Baştan sona hep teknoloji konuşuldu. İnsan yok gibiydi. Ona, sadece tüketici gözüyle bakılıyordu. Ve anlatanların gözünde, teknoloji, sanki tapılacak bir tanrı gibiydi. Aynı anlatım tarzını, sanal para olan bitcoin’cilerde de görmüş ve nereye gidiyoruz sorusunu kendi kendime sormuştum...

Peki, bu soruyu onlara da sormadım mı? Elbette sordum ama onlar farklı bir boyuttalar ve ne anlatırsanız anlatın, ne sorarsanız sorun, bildiklerini okumaya devam ediyorlar. Sanki istediği okulu kafaya takan öğrencilerin testlerin esiri olması ve test çözmekten başka hayatında başka bir şey olmaması gibi, onlar da teknolojiyle yatıp, onunla kalkıyorlar. Bu yüzden, bazılarının teknolojiye tapmaları hiç de şaşırtıcı gelmiyor...

Karşı mıyız? Hayır!

Eğitime, bilime, teknolojiye, inovasyona karşı olmak, günümüz dünyasında, normal bir insanın yapacağı bir davranış değil.

Haberin Devamı

Teknolojiyi ilahlaştırıp, insanı unutmak da hiç kimsenin harcına değildir. Bu noktaya da gelmemelidir.

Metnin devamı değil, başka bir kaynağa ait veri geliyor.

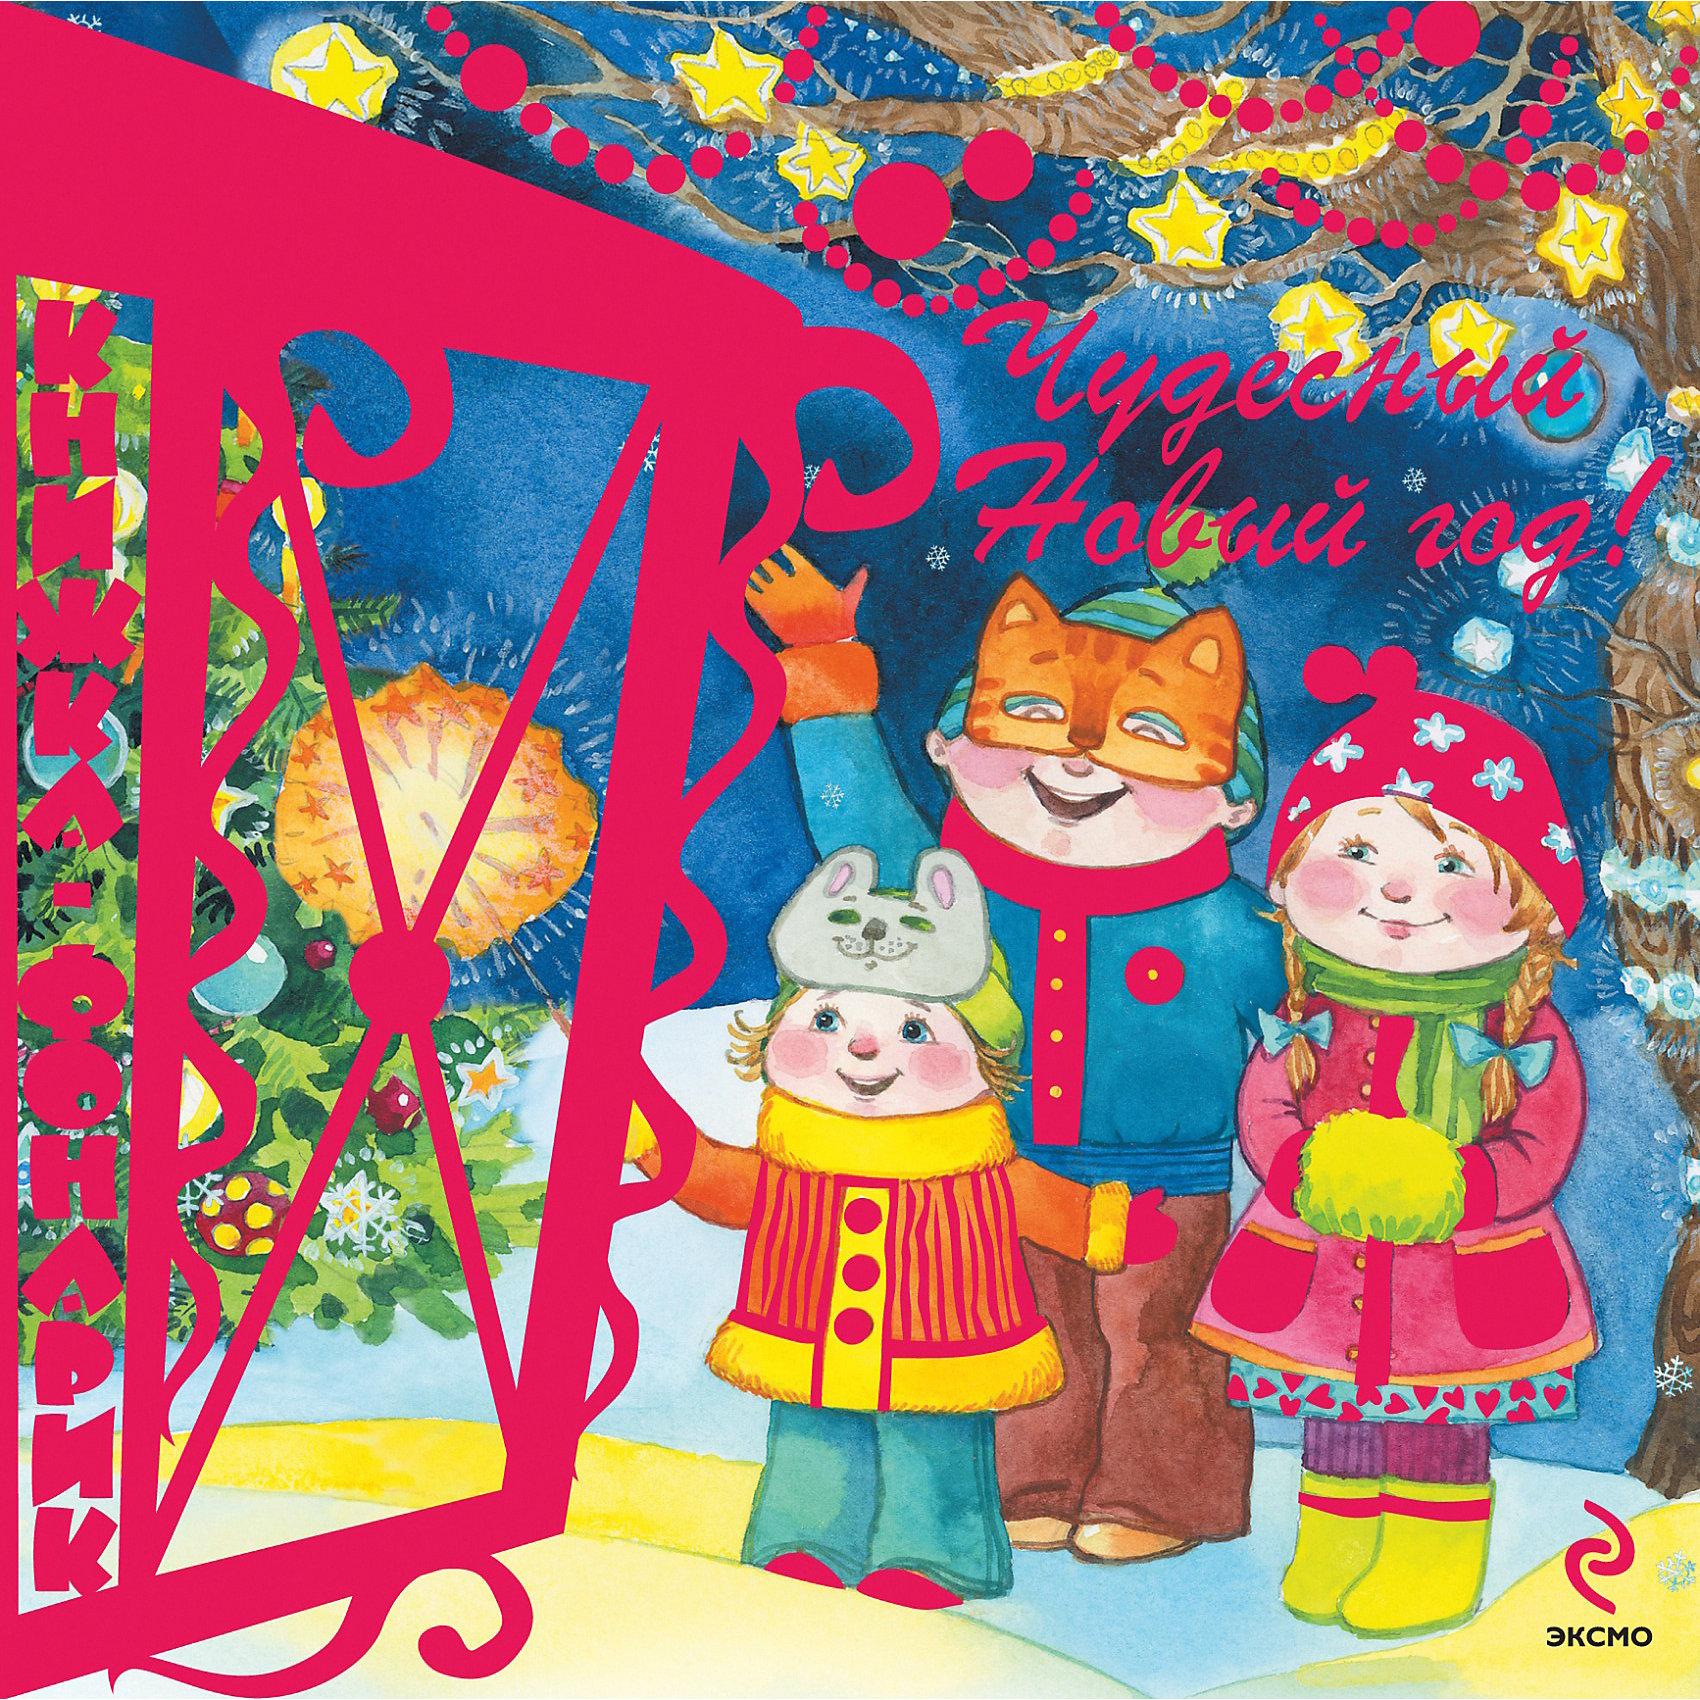 Книжка-фонарик Чудесный Новый годКнижка-фонарик Чудесный Новый год, Эксмо чудесная красочная книга, которая станет отличным новогодним подарком для Вашего ребенка и подарит ему праздничное настроение. В книге собраны добрые новогодние стихотворения и загадки с яркими праздничными иллюстрациями, а также малыша ждет приятный сюрприз - объемный фонарик на развороте страниц.<br><br>Дополнительная информация:<br><br>- Авторы: М. В. Дружинина, Н. В. Скороденко, Е. А. Ульева.<br>- Художник: И. В. Есаулов, Н. Ю. Макаренко. <br>- Серия: Новогодние подарочные книги.<br>- Переплет: твердая обложка.<br>- Иллюстрации: цветные.<br>- Объем: 12 стр. (картон). <br>- Размер: 20,5 x 20,5 x 1,5 см.<br>- Вес: 0,302 кг. <br><br>Книжку-фонарик Чудесный Новый год, Эксмо, можно купить в нашем интернет-магазине.!<br><br>Ширина мм: 205<br>Глубина мм: 205<br>Высота мм: 15<br>Вес г: 322<br>Возраст от месяцев: 36<br>Возраст до месяцев: 60<br>Пол: Унисекс<br>Возраст: Детский<br>SKU: 3825866
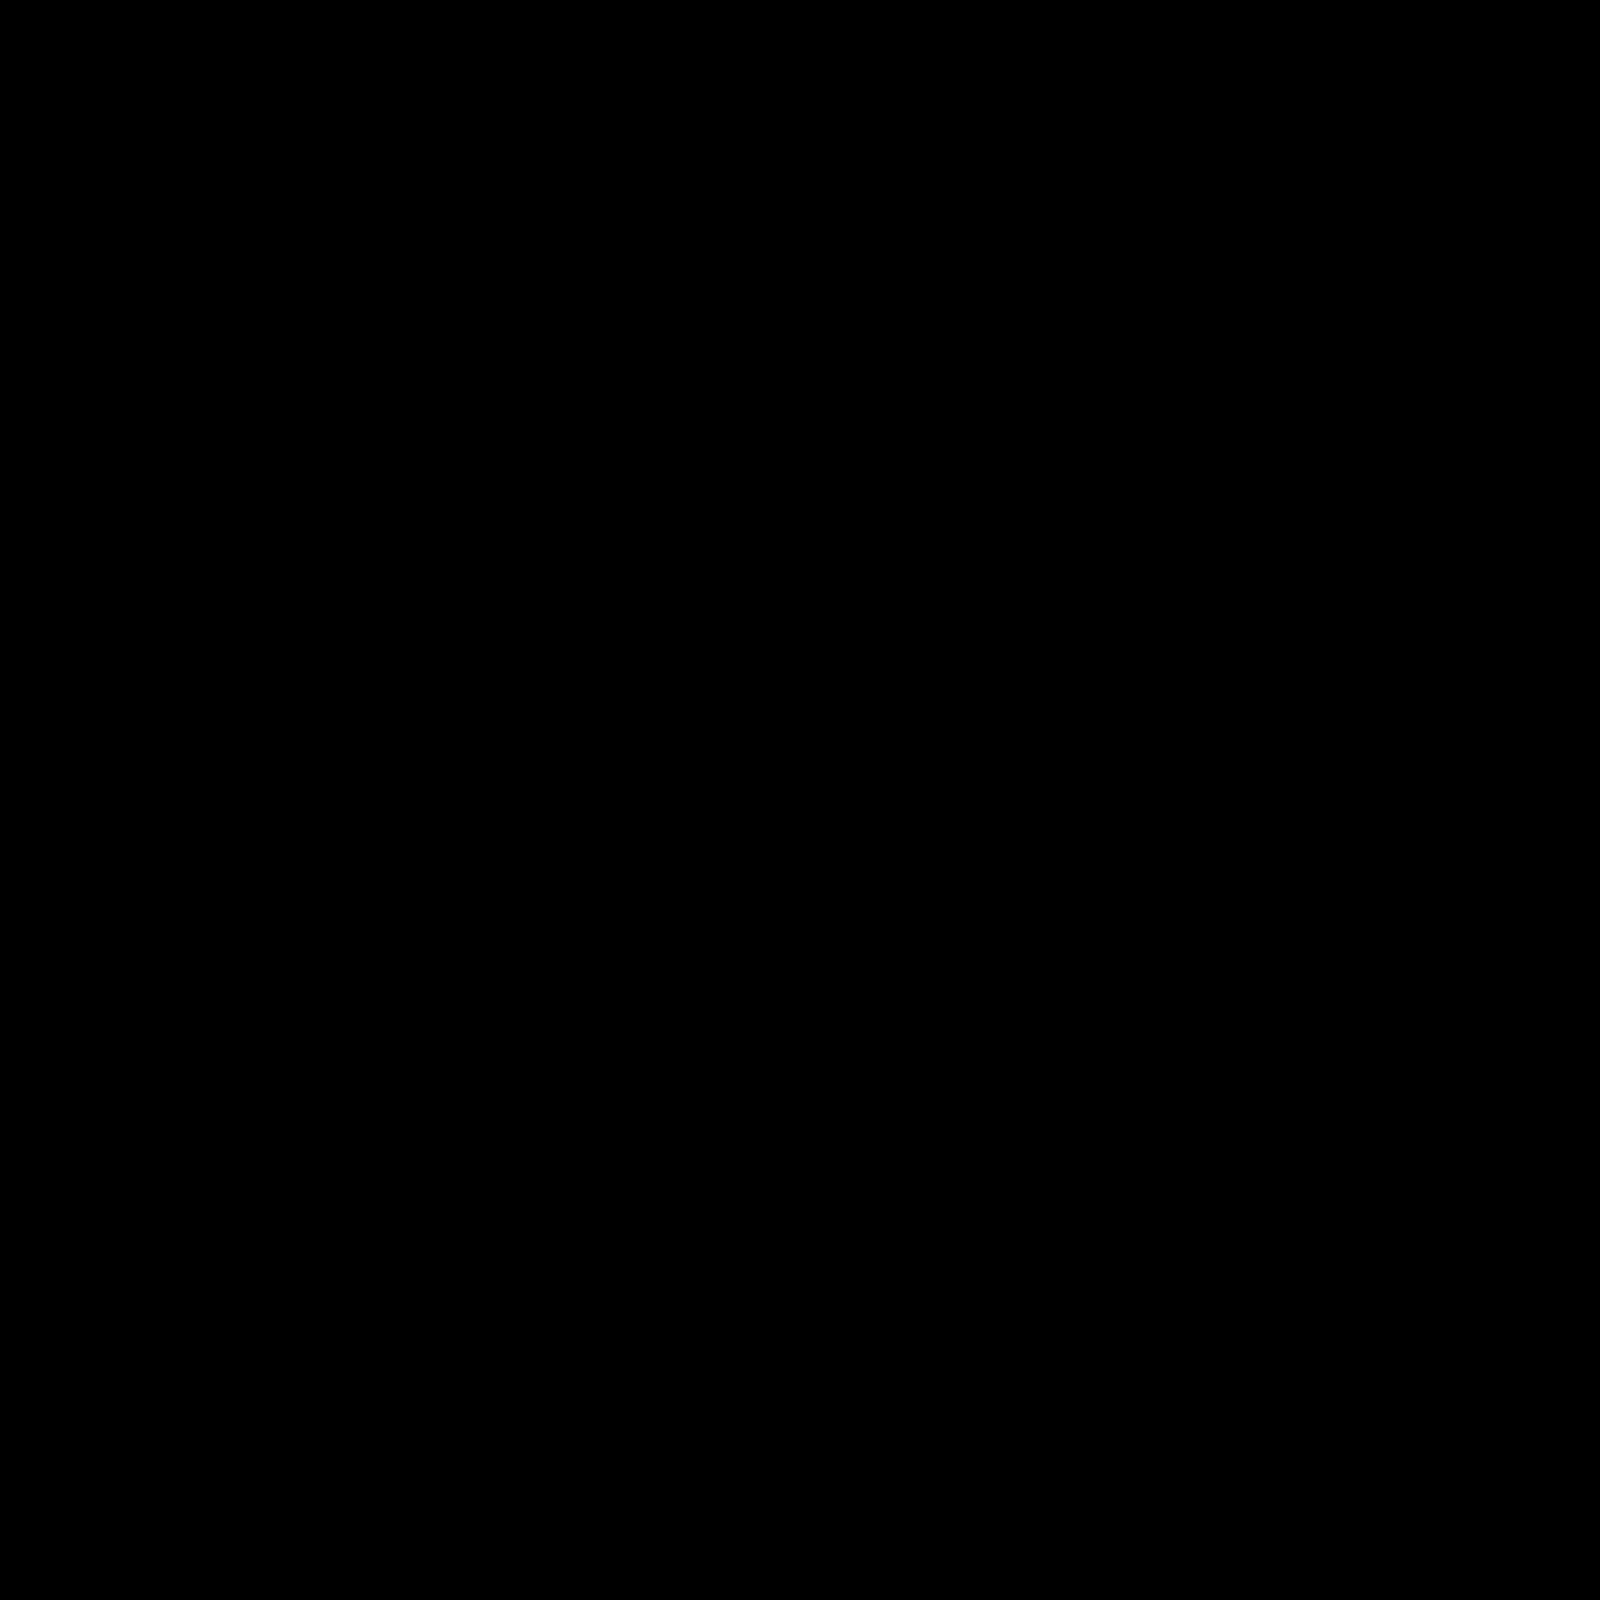 2 Schlüssel icon

Daha önce ekonomiyi ilahlaştıranlar da oldu. Her şeye ekonomik çerçeveden baktılar ve yine insanı unuttular. Şimdi aynı hatayı hatta daha fazlasını teknoloji firmaları yapıyor!..

Teknolojinin ve sosyal medyanın da bir kullanım sınırı olmalı. Her şeyin fazlası gibi ekrana bağımlılığın da yarattığı yan etkiler var. Dünya ciddi anlamda bu konuya kafa yoruyor. Özellikle de sosyolojik boyutlarına!..

Bizi biz yapan değerleri sıradanlaştırmadan, teknolojiyi bir amaç olarak değil de araç olarak kullandığımız sürece hiçbir sorun yok. Ama eğer daha çok ve daha yüksek teknoloji derken, insanı unutursak, işte onun faturası çok yüksek olur!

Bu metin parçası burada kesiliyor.